Dell, EMC, Dell Technologies, Cisco,

Thursday, February 15, 2018

Fluid HPC: How Extreme-Scale Computing Should Respond to Meltdown and Spectre

The #Meltdown and #Spectre vulnerabilities are proving difficult to fix, and initial experiments suggest security patches will cause significant performance penalties to #HPC applications. Even as these patches are rolled out to current HPC platforms, it might be helpful to explore how future HPC systems could be better insulated from CPU or operating system security flaws that could cause massive disruptions. Surprisingly, most of the core concepts to build #supercomputers that are resistant to a wide range of threats have already been invented and deployed in HPC systems over the past 20 years. Combining these technologies, concepts, and approaches not only would improve cybersecurity but also would have broader benefits for improving HPC performance, developing scientific software, adopting advanced hardware such as neuromorphic chips, and building easy-to-deploy data and analysis services. This new form of “Fluid HPC” would do more than solve current vulnerabilities. As an enabling technology, Fluid HPC would be transformative, dramatically improving extreme-scale code development in the same way that virtual machine and container technologies made cloud computing possible and built a new industry.

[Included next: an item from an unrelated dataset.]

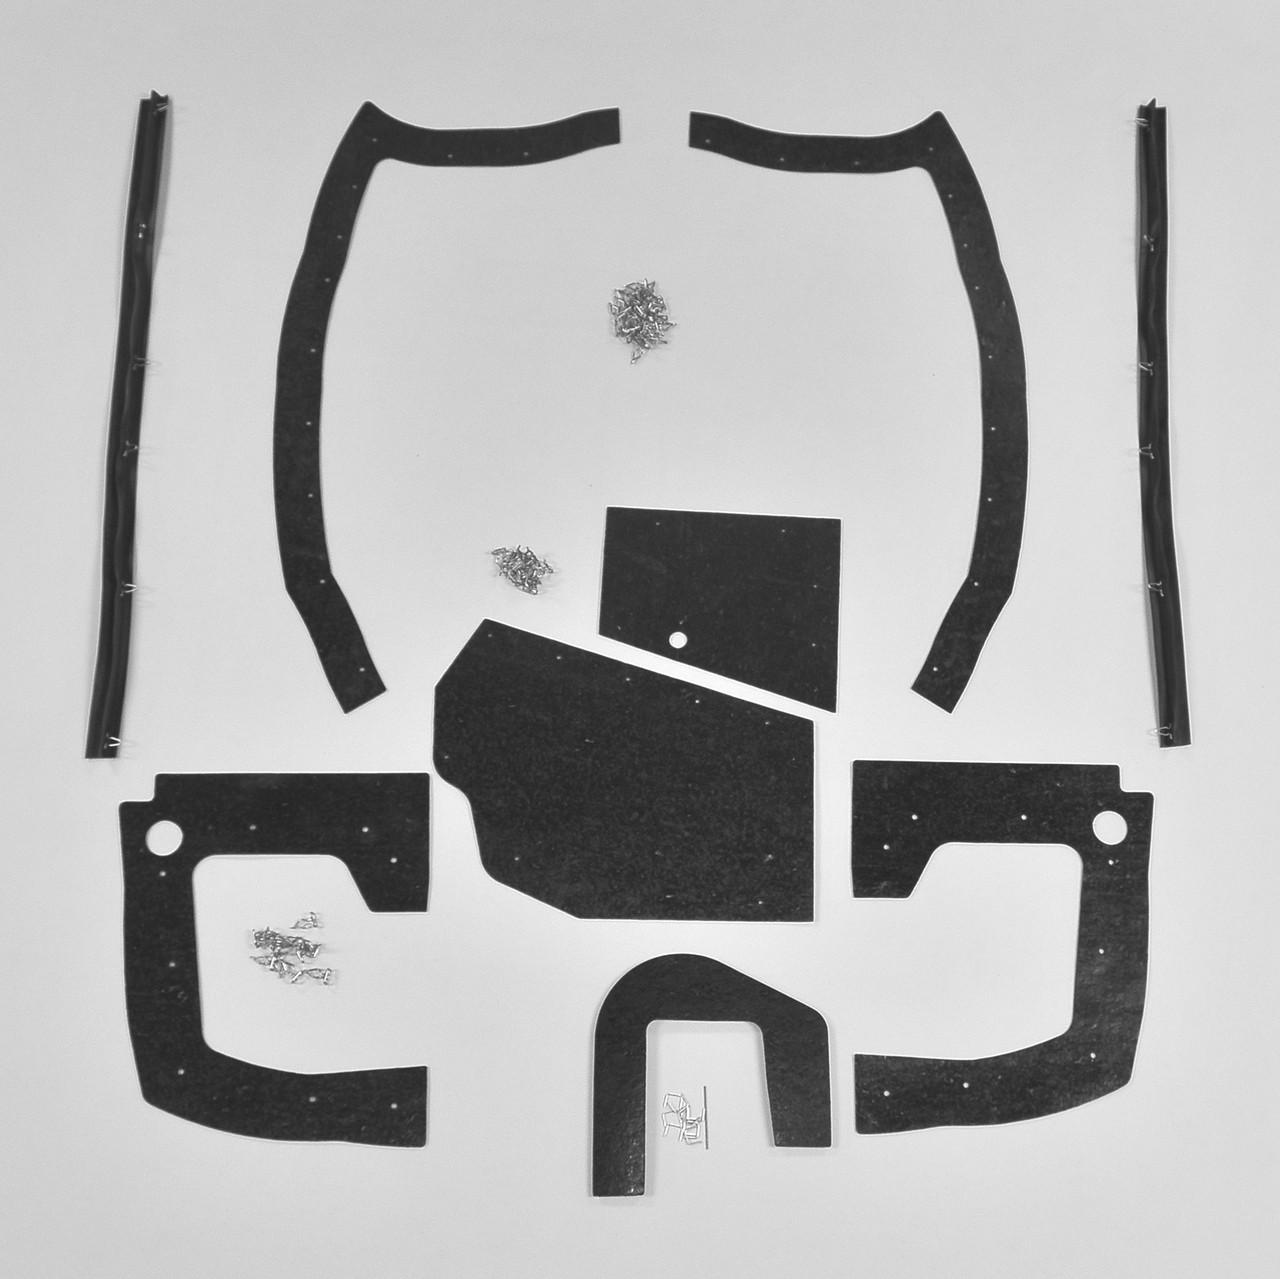 mopar b body 70 coronet super bee mega splash shield set auto detroit muscle technologies llc [ 1280 x 1279 Pixel ]
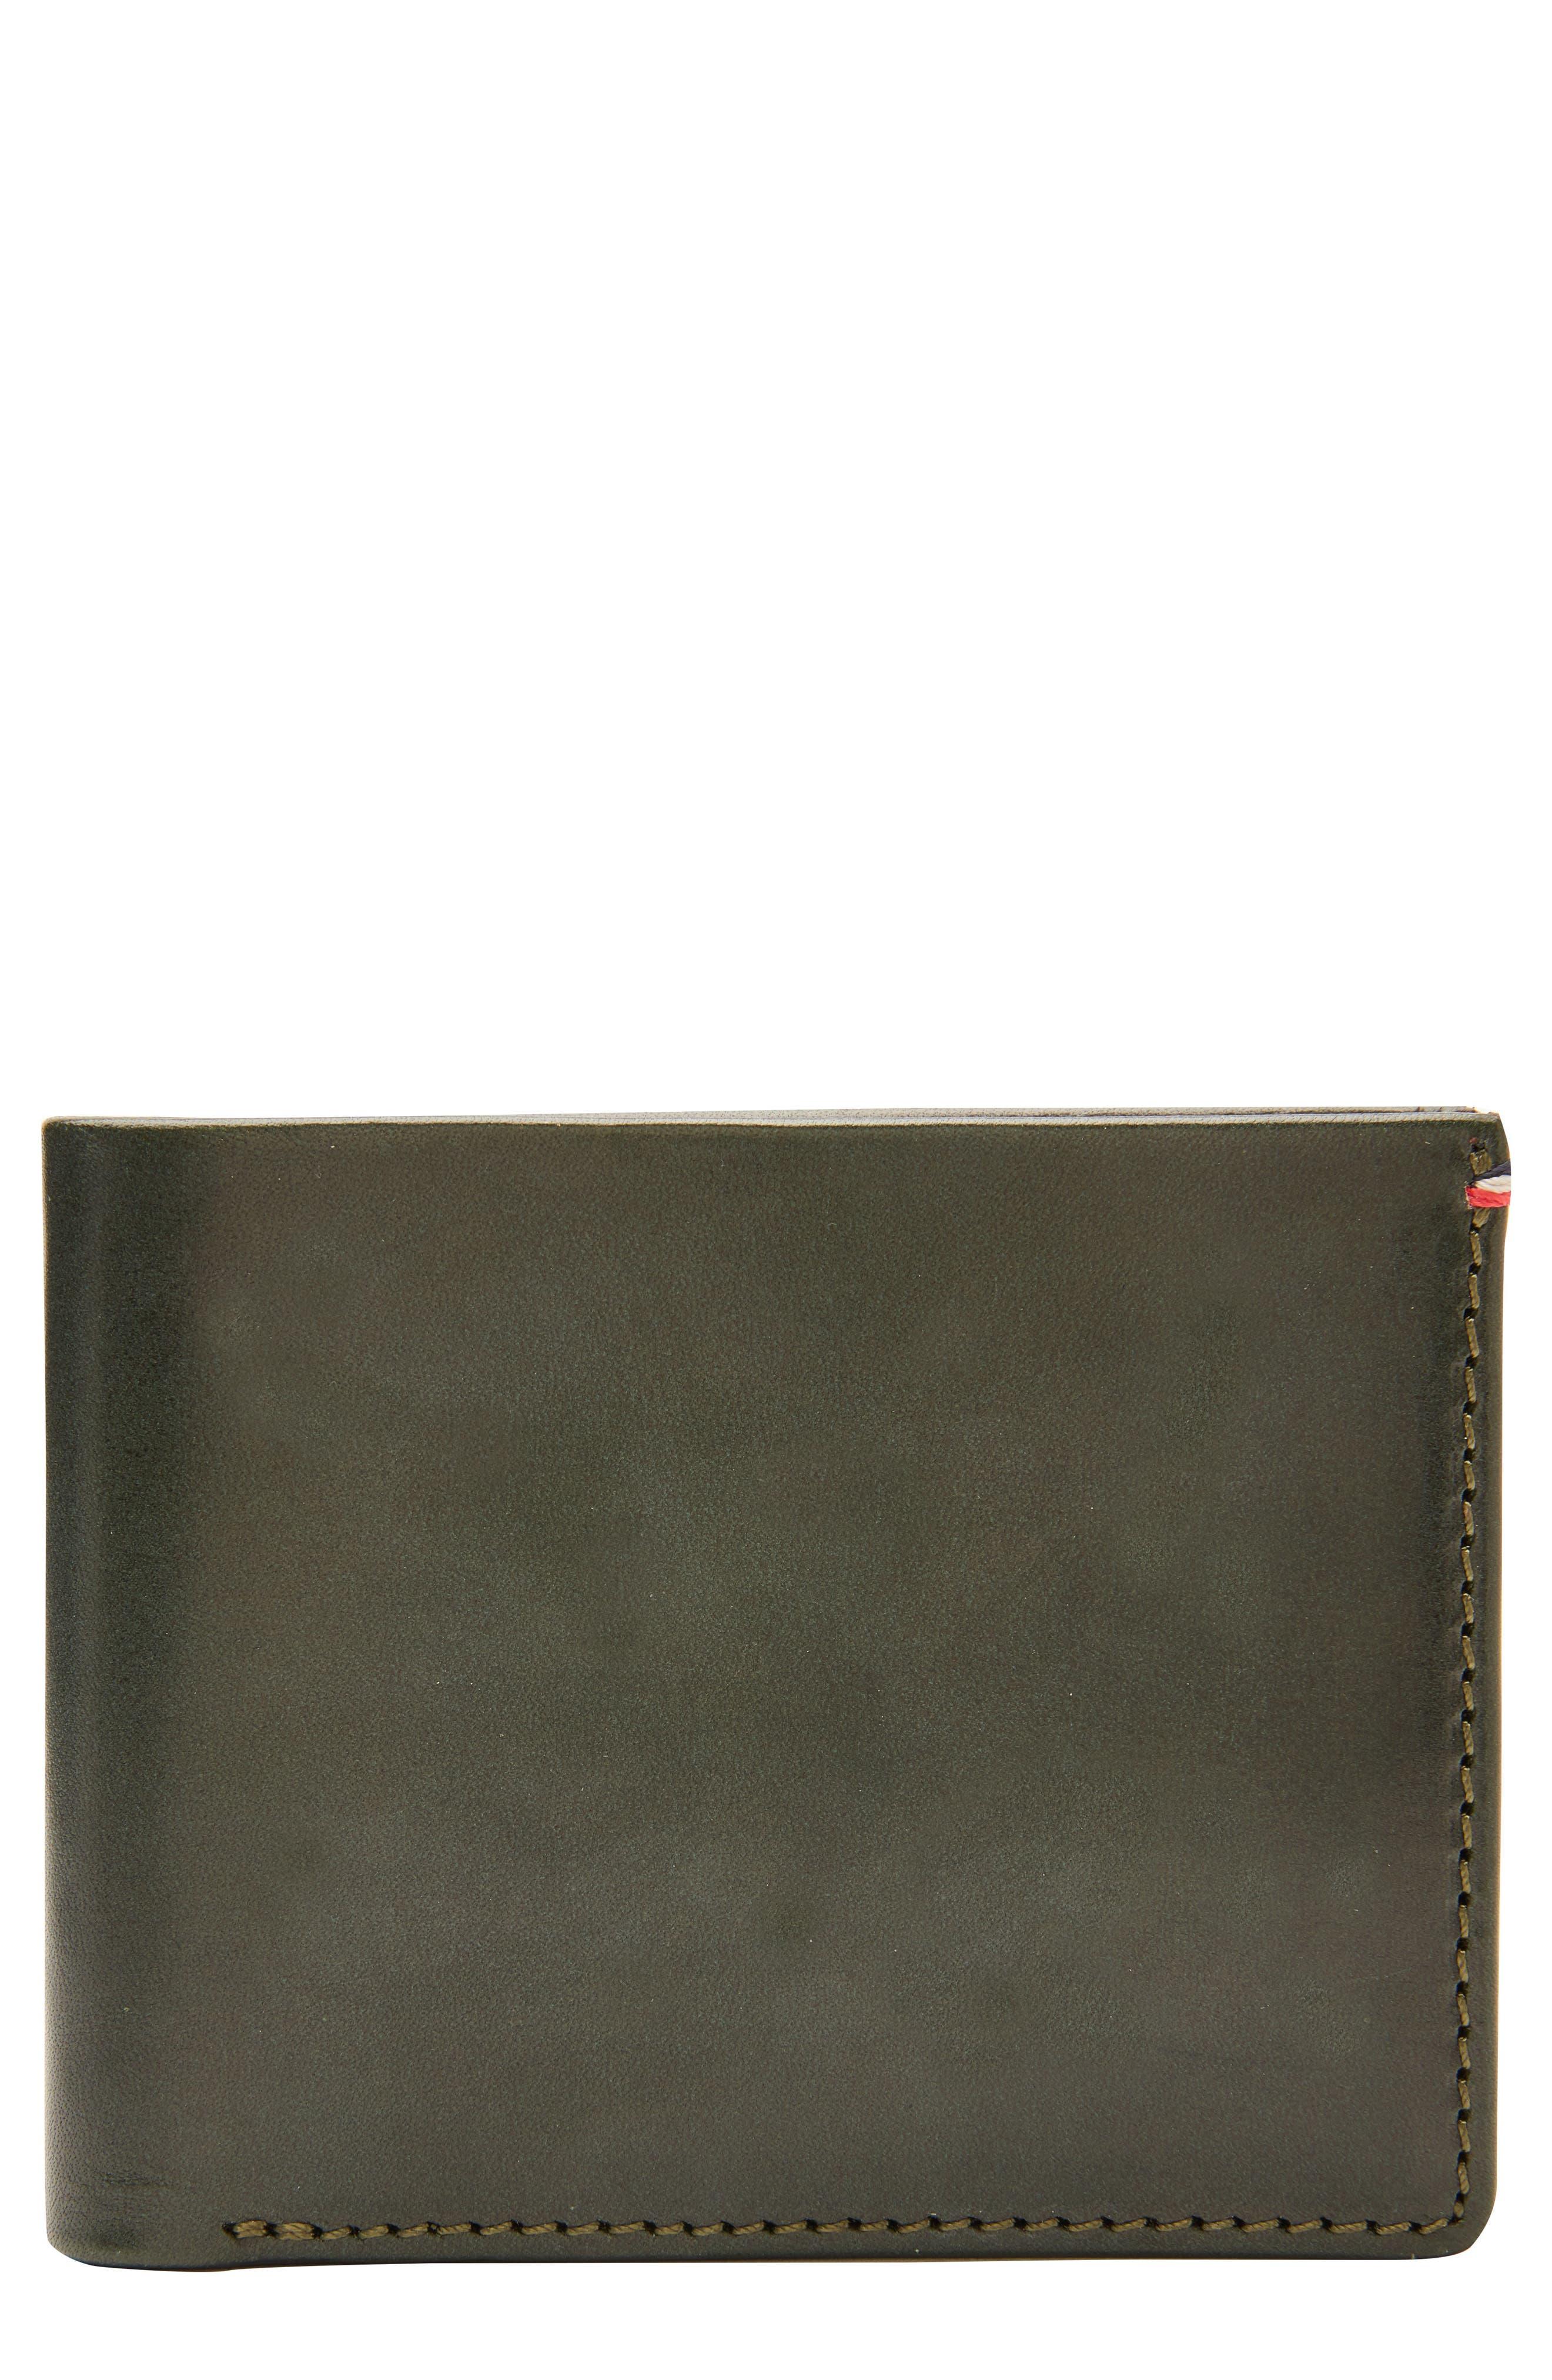 Core Leather Wallet,                             Main thumbnail 1, color,

In today’s extreme-scale platforms, compute nodes are essentially embedded computing devices that are given to a specific user during a job and then cleaned up and provided to the next user and job. This “space-sharing” model, where the supercomputer is divided up and shared by doling out whole nodes to users, has been common for decades. Several non-HPC research projects over the years have explored providing whole nodes, as raw hardware, to applications. In fact, the cloud computing industry uses software stacks to support this “bare-metal provisioning” model, and Ethernet switch vendors have also embraced the functionality required to support this model. Several classic supercomputers, such as the Cray T3D and the IBM Blue Gene/P, provided nodes to users in a lightweight and fluid manner. By carefully separating the management of compute node hardware from the software executed on those nodes, an out-of-band control system can provide many benefits, from improved cybersecurity to shorter Exascale Computing Project (ECP) software development cycles.